::: DATA EXTRACT

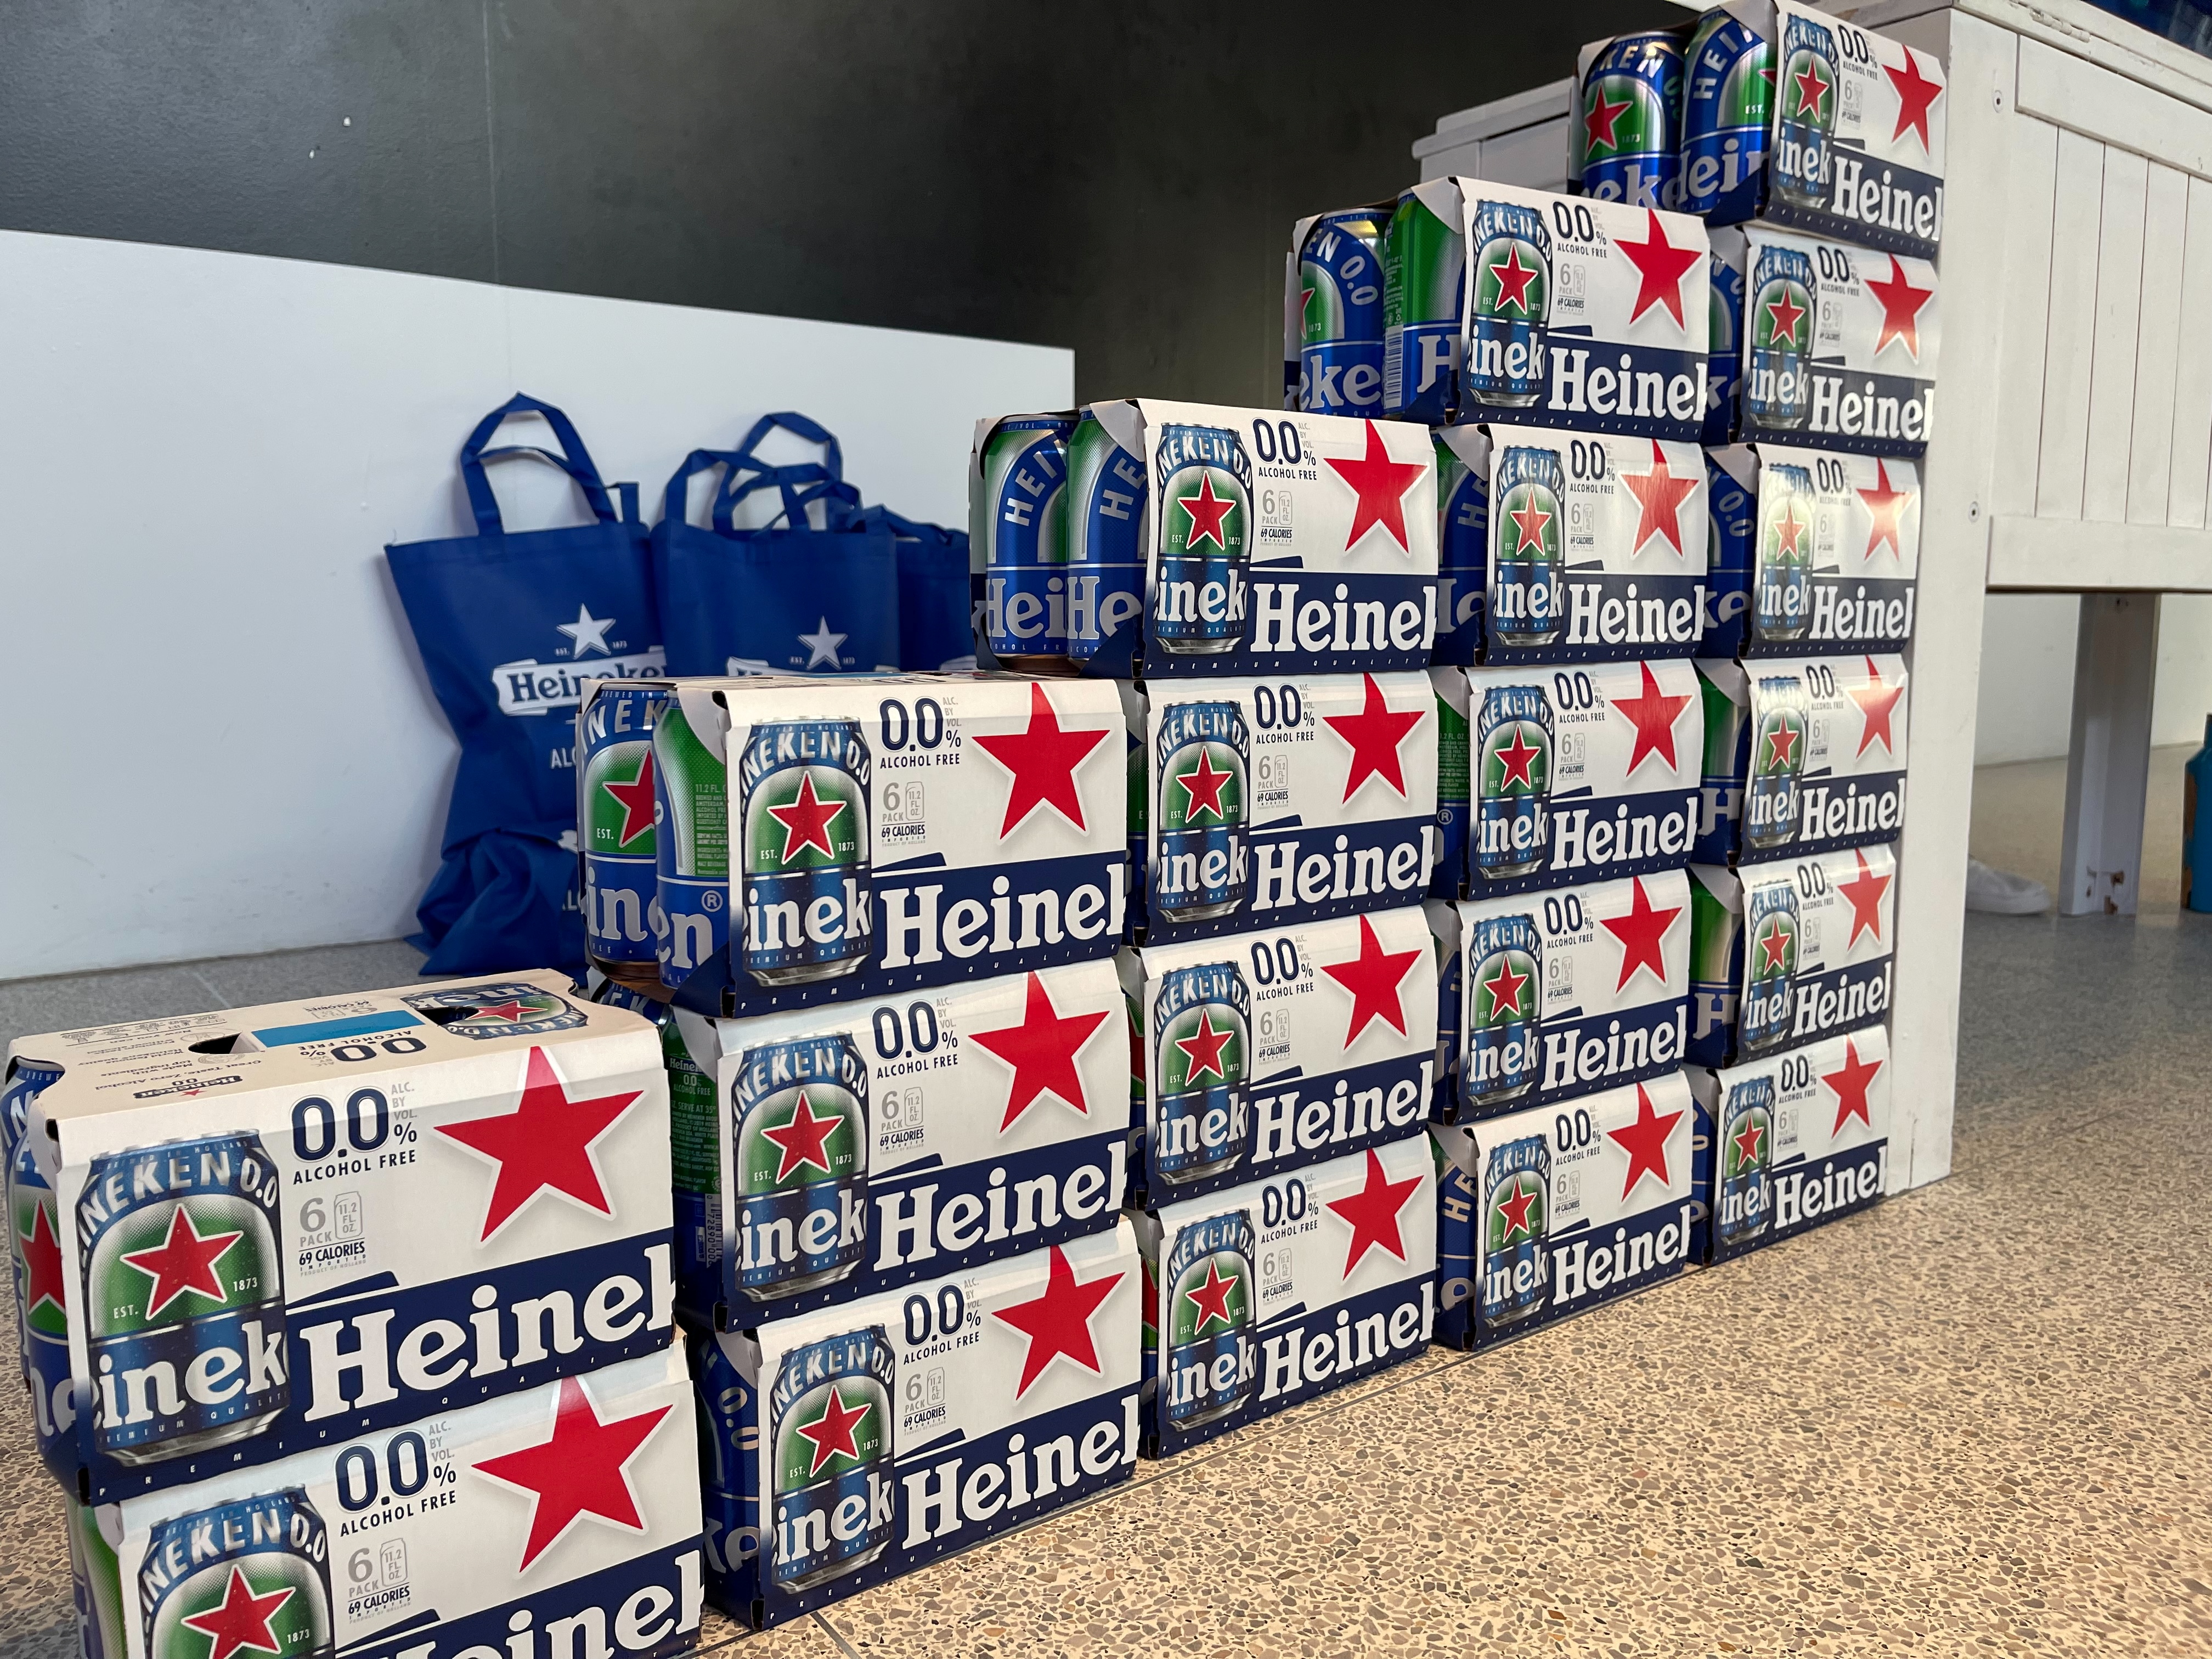 Cans of Heineken non-alcoholic beer are seen on display at a sampling event at Pier 17 in New York City's Seaport District
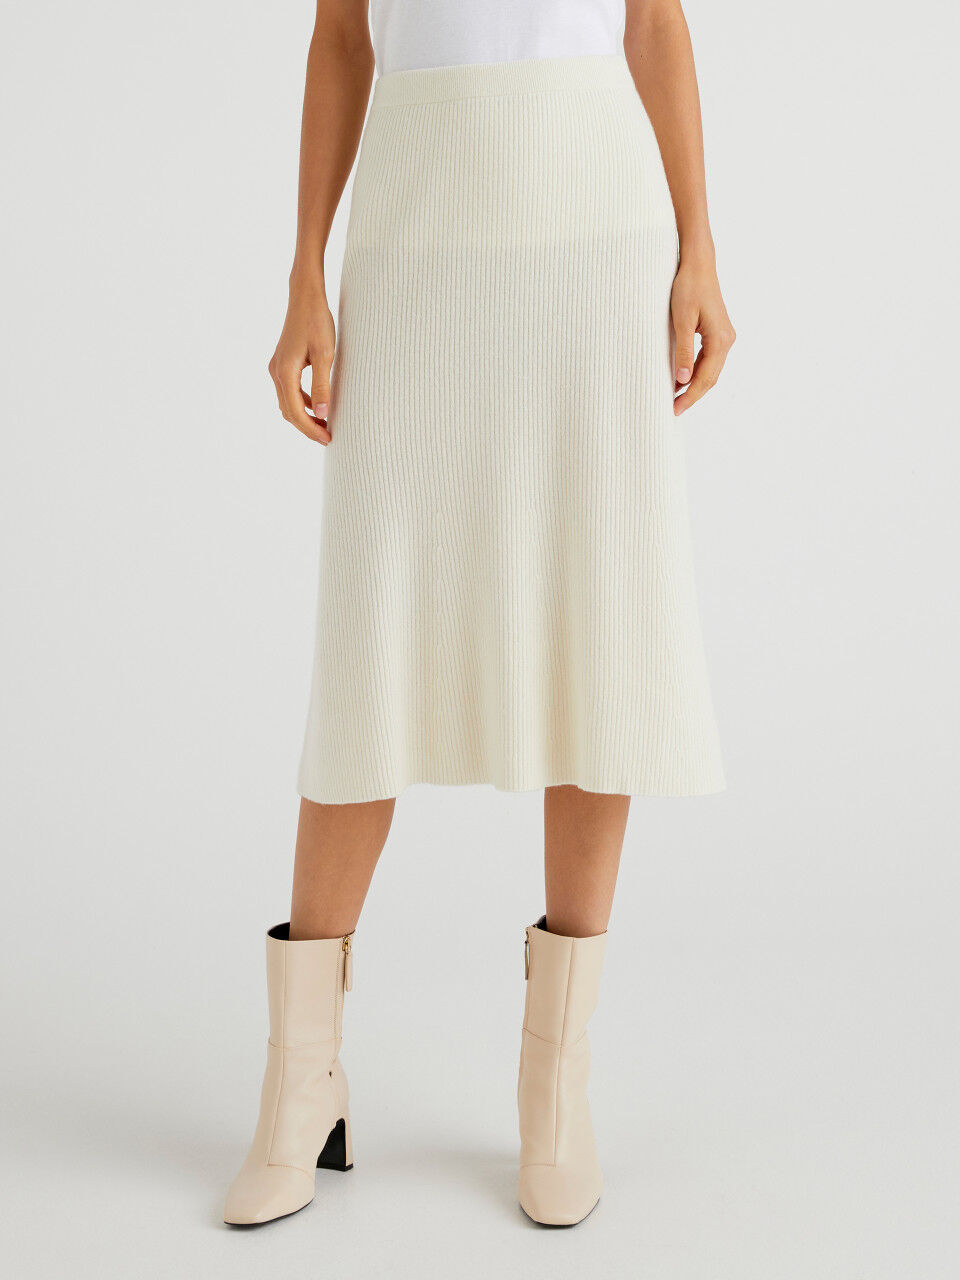 United Colors of Benetton Asymmetry Skirt white casual look Fashion Skirts Asymmetry Skirts 
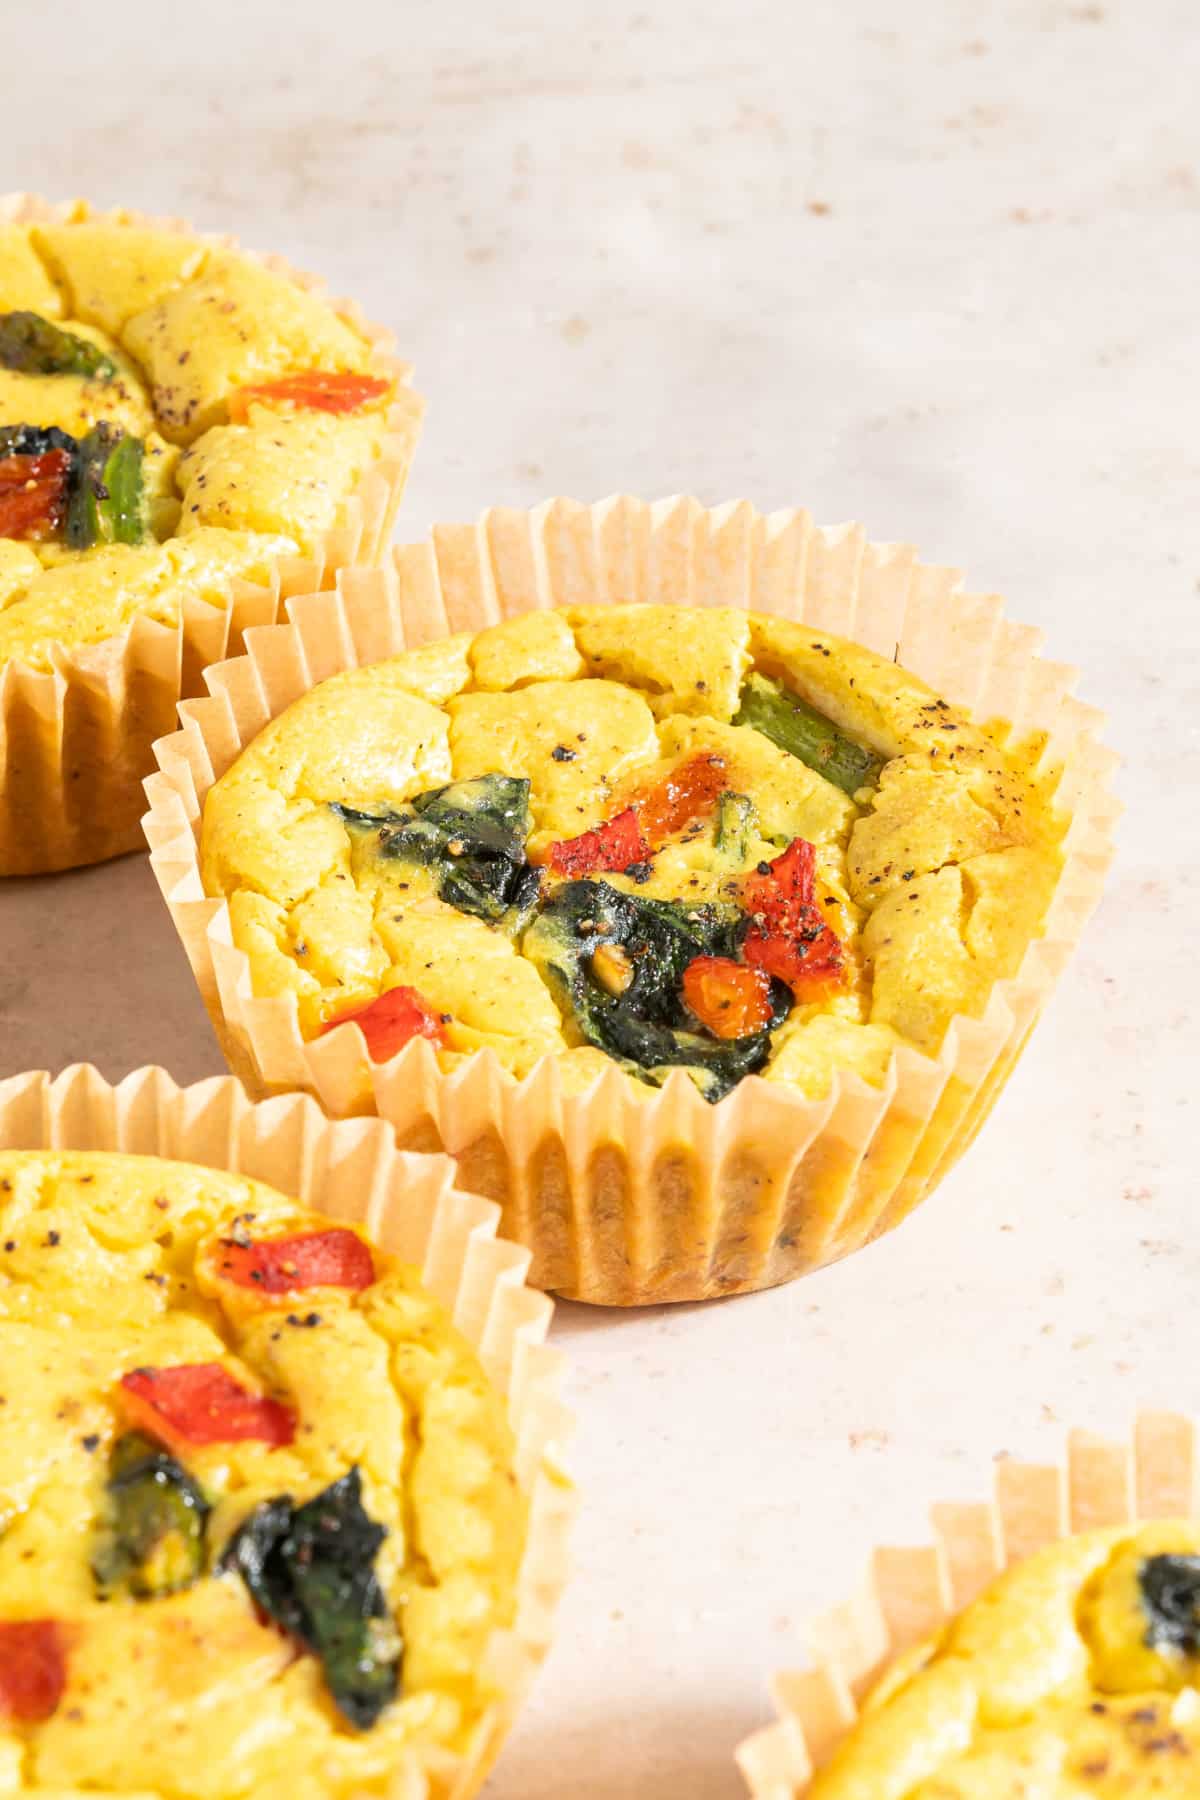 Four mini vegan egg cups baked in cupcake liners sit on an off white surface. The vegan egg bites are bright yellow from turmeric, and are filled with red peppers, spinach, and asparagus.
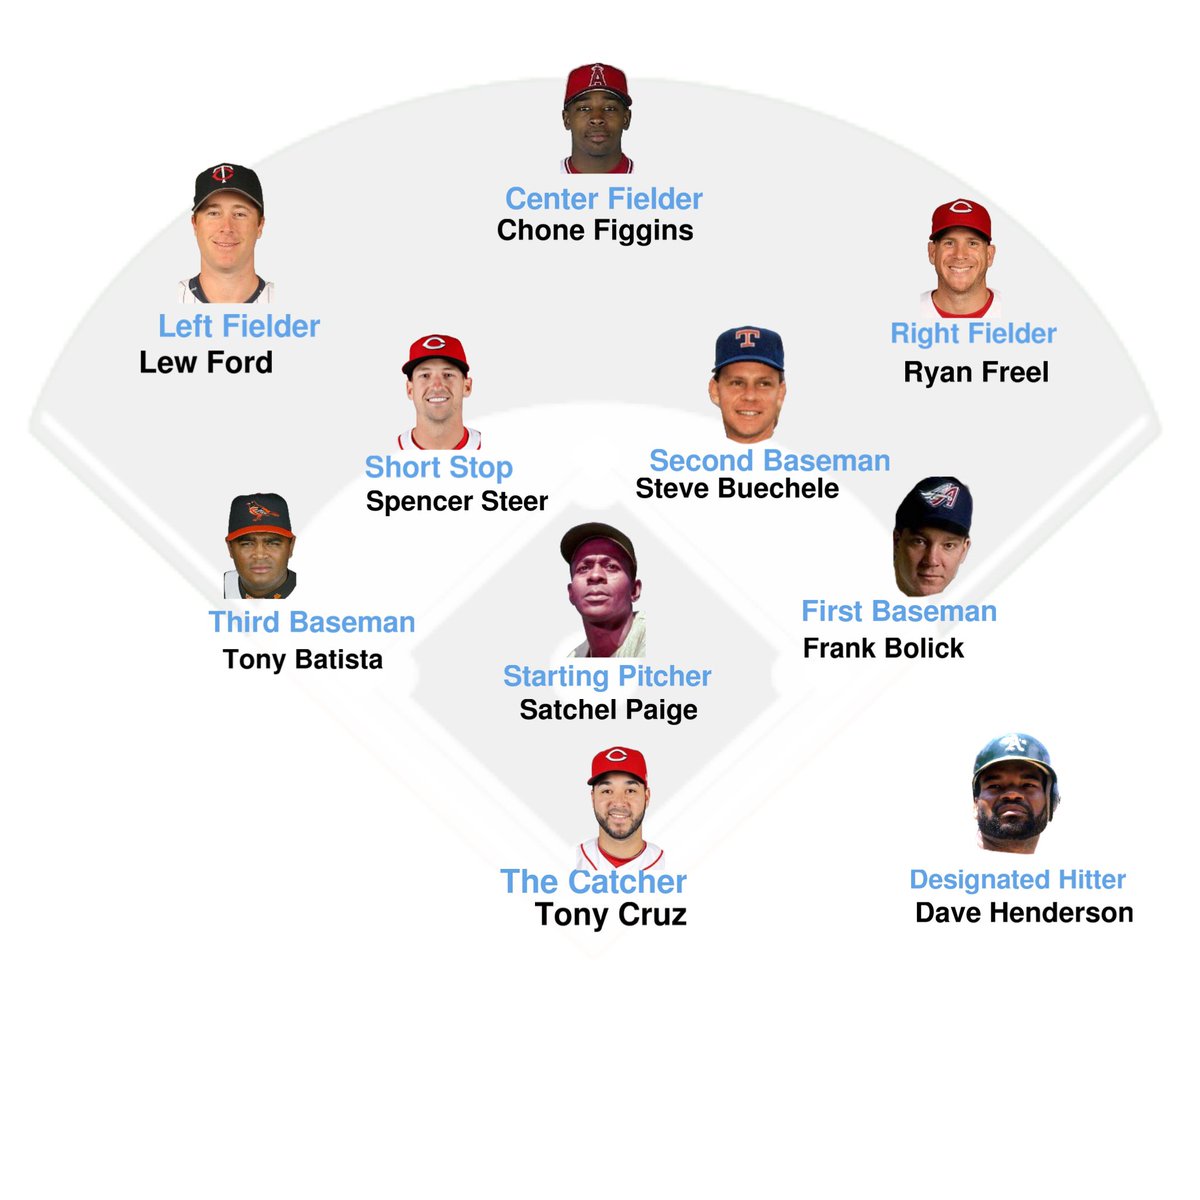 here is a lineup in which every player has the same initials as his position

::::::

**EXERCISE REQUIREMENTS**
Pictures do not belong in the copy. Reproduce the rest of the data exactly.

**TASK ANSWER**
 Cans of Heineken non-alcoholic beer are seen on display at a sampling event at Pier 17 in New York City's Seaport District
 United Colors of Benetton Asymmetry Skirt white casual look Fashion Skirts Asymmetry Skirts 
 Four mini vegan egg cups baked in cupcake liners sit on an off white surface. The vegan egg bites are bright yellow from turmeric, and are filled with red peppers, spinach, and asparagus.
 here is a lineup in which every player has the same initials as his position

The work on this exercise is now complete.